HDFS Elasticsearch Index
ClusterNode1
ClusterNode 2
ClusterNode m
.
.
.
2. Data storage
wikipedia-parser
(0 taylor) . . . (1999995 zion)
(1 alison) . . . (1999996 dozer)
(2 swift) . . . (1999997 tank)
(3 born) . . . (1999998 trinity)
(4 december) . . . (1999999 neo)
3. Data Processor (Dictionary building)
wikihadoop, StreamWikiDumpInputFormat
dictionary, tfidfmodel
~ 1 hour
Pyspark (Gensim)
multithreading, generator
corpus, dictionary, tfidfmodel
~ 6 hours
GensimWikiCorpusParser
Alias Candidate Entity f1 f2 … fn
Taylor Swift wikipedia:Taylor_Swift 0.91 0.81 … 0.34
wikipedia:Taylor_Swift_(album) 0.42 0.10 … 0.42
wikipedia:1989_(Taylor_Swift_album) 0.71 0.23 … 0.31
wikipedia:Fearless_(Taylor_Swift_song) 0.13 0.22 … 0.23
wikipedia:John_Swift 0.00 0.19 … 0.56
4. Data Processor (Vectorization)
~ 350ms predict entity per alias
Gensim
~ 100ms predict entity per alias
Cython
Wikipedia
Corpus
corpus-parser
corpus-indexer
HDFS
(Wikilinks)
Wikilinks
Corpus
X
Corpus
Data
Processor
Dictionary TF-IDF Model
Machine Learning Module
HDFS
(Wikipedia)
HDFS
(X Corpus)
Elasticsearch1
Elasticsearch2
Elasticsearchn
1
2
3
4
5
6
7
Demo
Linked Entities
1. http://en.wikipedia.org/wiki/Macgyver
2. http://en.wikipedia.org/wiki/Neil_deGrasse_Tyson
3. http://en.wikipedia.org/wiki/Richard_Dean_Anderson
4. http://en.wikipedia.org/wiki/Josh_Holloway
5. http://en.wikipedia.org/wiki/NBC
6. http://en.wikipedia.org/wiki/CBS
7. http://en.wikipedia.org/wiki/James_Wan
8. http://en.wikipedia.org/wiki/Netflix
9. http://en.wikipedia.org/wiki/America_America
http://zap2it.com/2015/10/5-reasons-cbs-macgyver-reboot-isnt-the-worst-idea-ever/
● Tuning pyspark jobs (64 cores, 8GB Driver RAM)

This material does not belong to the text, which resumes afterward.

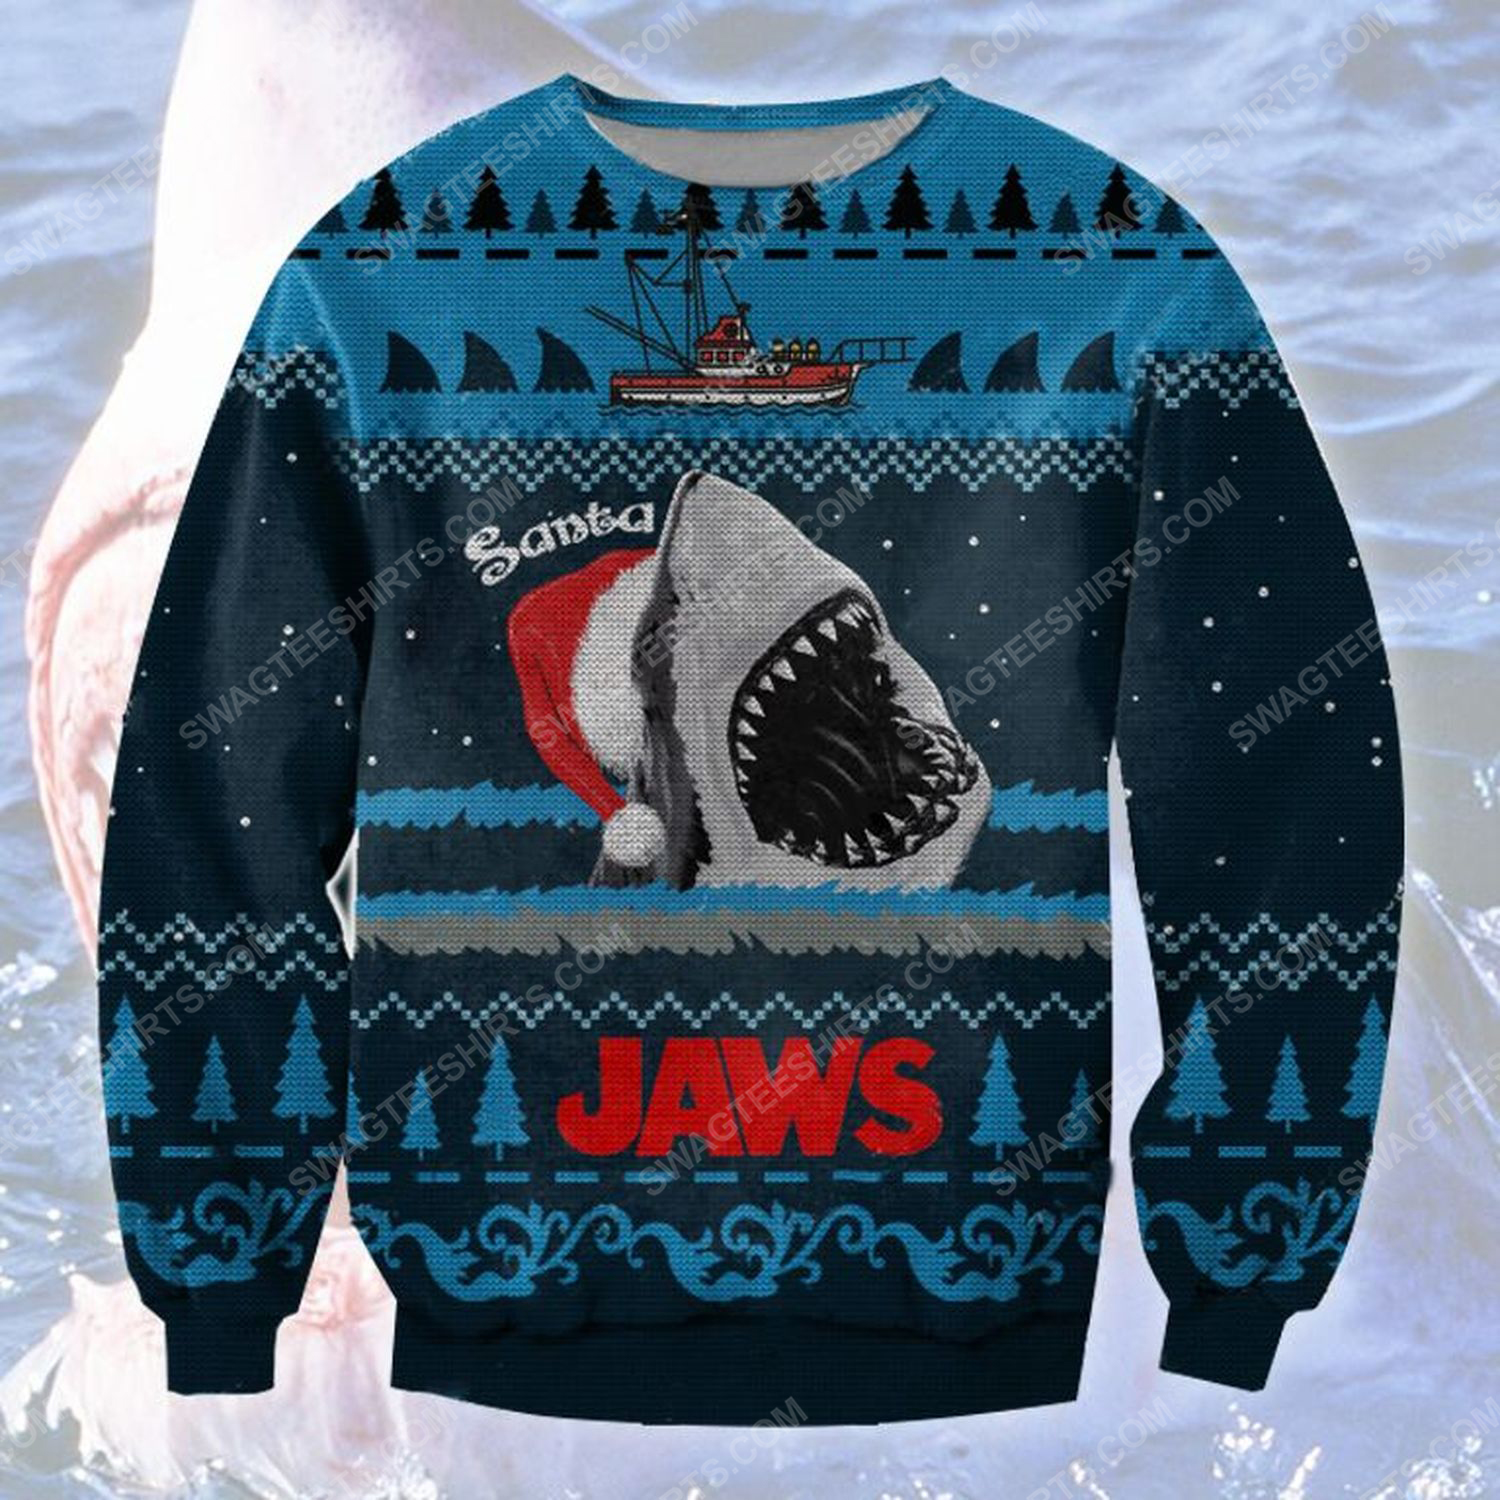 Santa jaws ugly christmas sweater - Copy

● Bringing down the elasticsearch cluster
● Rejoining the union after secession (elasticsearch nodes)
● Text Cleaning (lowercasing, character encoding)
● Merging in Hadoop for dictionary creation
Things to watch out for
Getting started is easy.
Sign Up Download SDK Start Building
Visit http://urx.com/sign-up for more information.
Thank you.
delroy@urx.com

More Related Content

Recently uploaded

Invezz.com - Grow your wealth with trading signals
Invezz.com - Grow your wealth with trading signalsInvezz.com - Grow your wealth with trading signals
Invezz.com - Grow your wealth with trading signalsInvezz1
 
Jual Obat Aborsi Surabaya ( Asli No.1 ) 085657271886 Obat Penggugur Kandungan...

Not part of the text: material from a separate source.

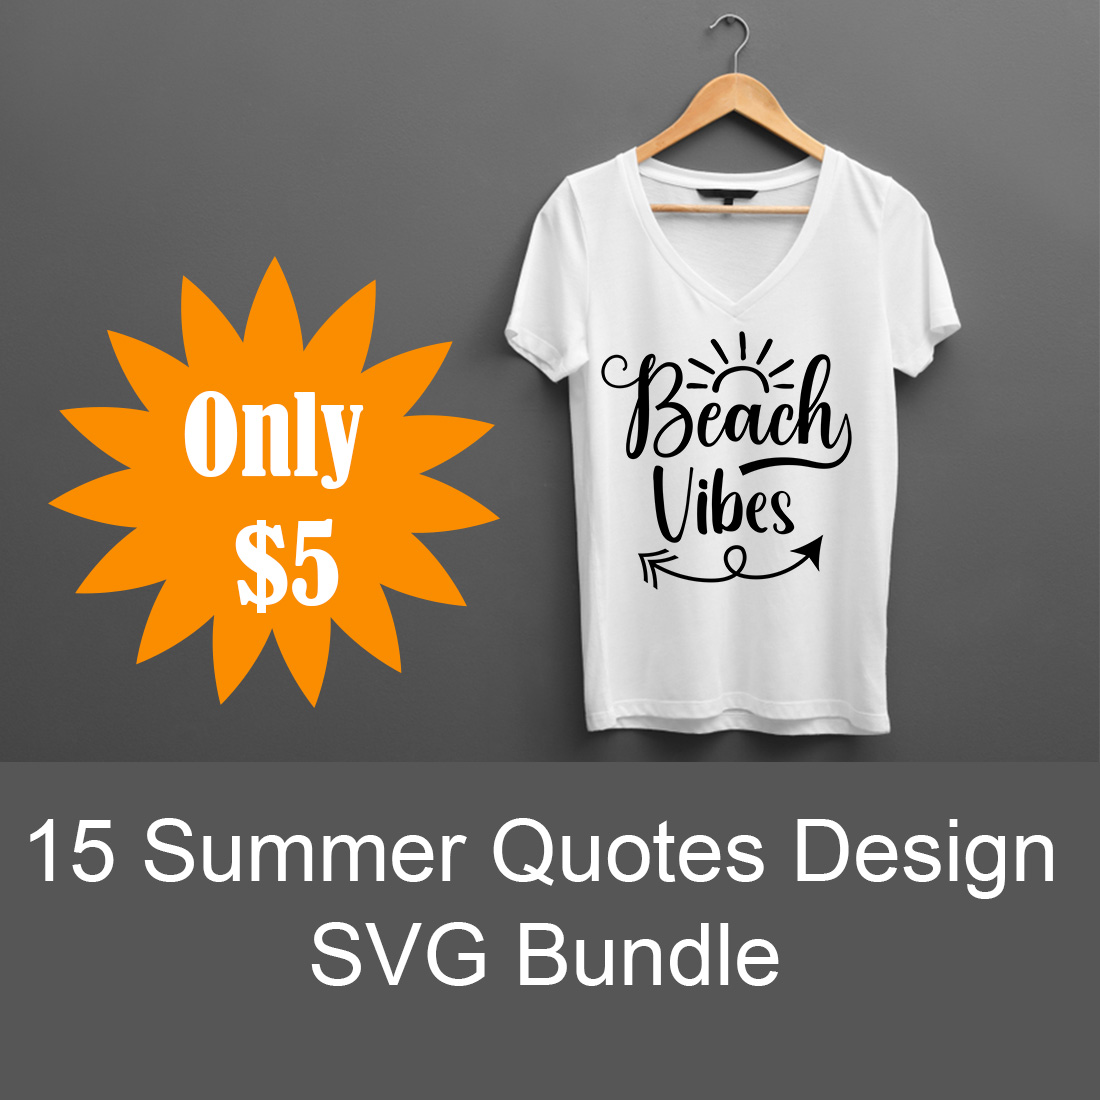 15 Summer Quotes Design SVG Bundle cover image.

Jual Obat Aborsi Surabaya ( Asli No.1 ) 085657271886 Obat Penggugur Kandungan...Jual Obat Aborsi Surabaya ( Asli No.1 ) 085657271886 Obat Penggugur Kandungan...

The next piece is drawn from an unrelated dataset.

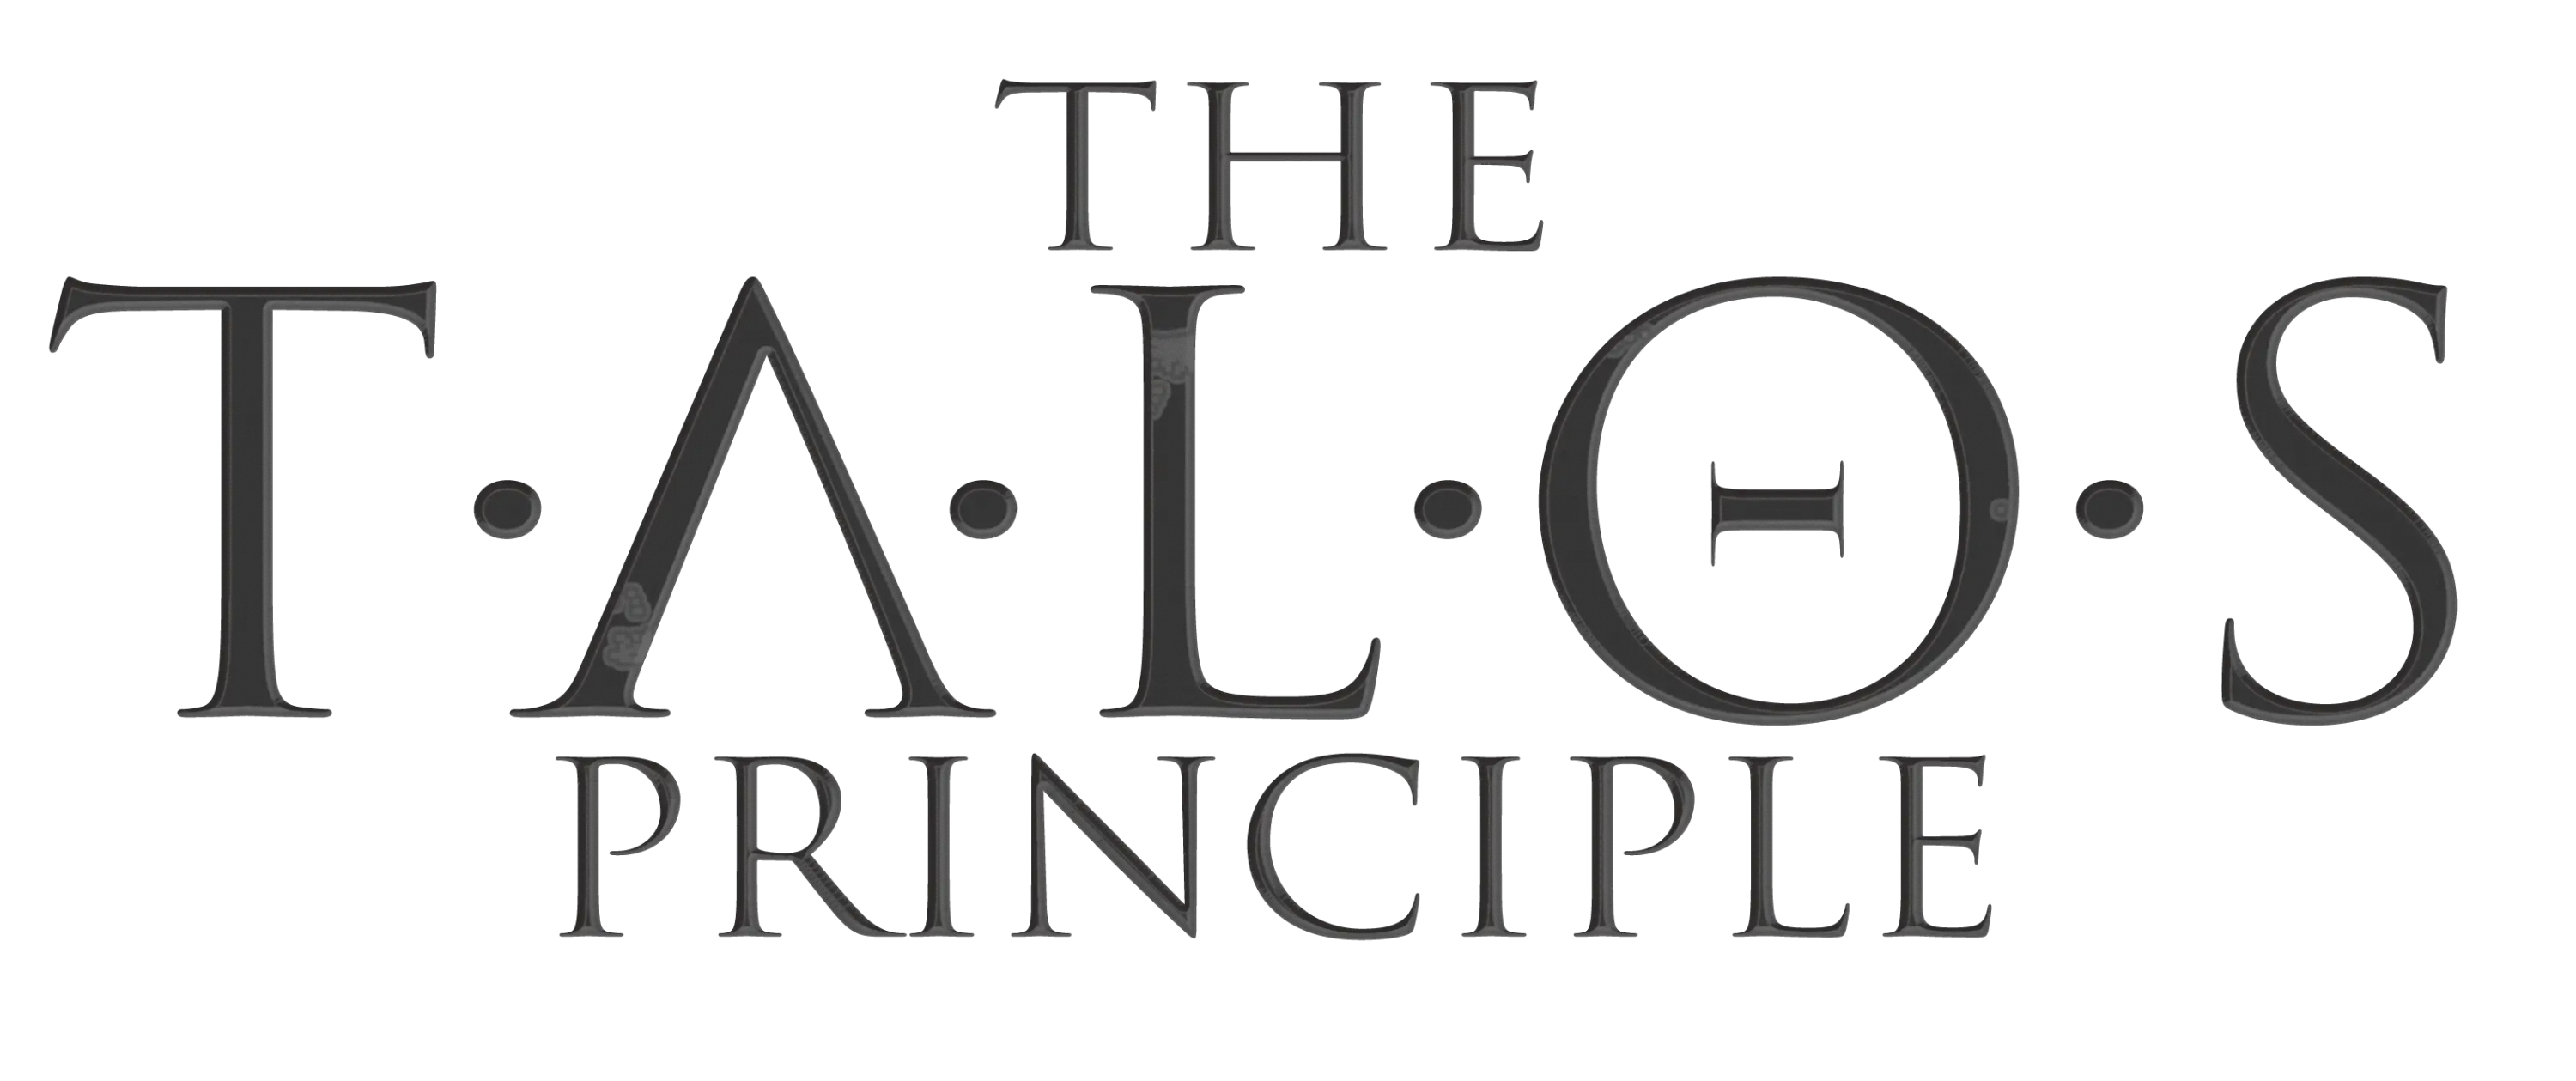 The Talos Principle - Logo Dark

Jual Obat Aborsi Surabaya ( Asli No.1 ) 085657271886 Obat Penggugur Kandungan...ZurliaSoop
 
Thane Call Girls 7091864438 Call Girls in Thane Escort service book now -
Thane Call Girls 7091864438 Call Girls in Thane Escort service book now -Thane Call Girls 7091864438 Call Girls in Thane Escort service book now -
Thane Call Girls 7091864438 Call Girls in Thane Escort service book now -Pooja Nehwal
 
Call Girls Indiranagar Just Call 👗 9155563397 👗 Top Class Call Girl Service B...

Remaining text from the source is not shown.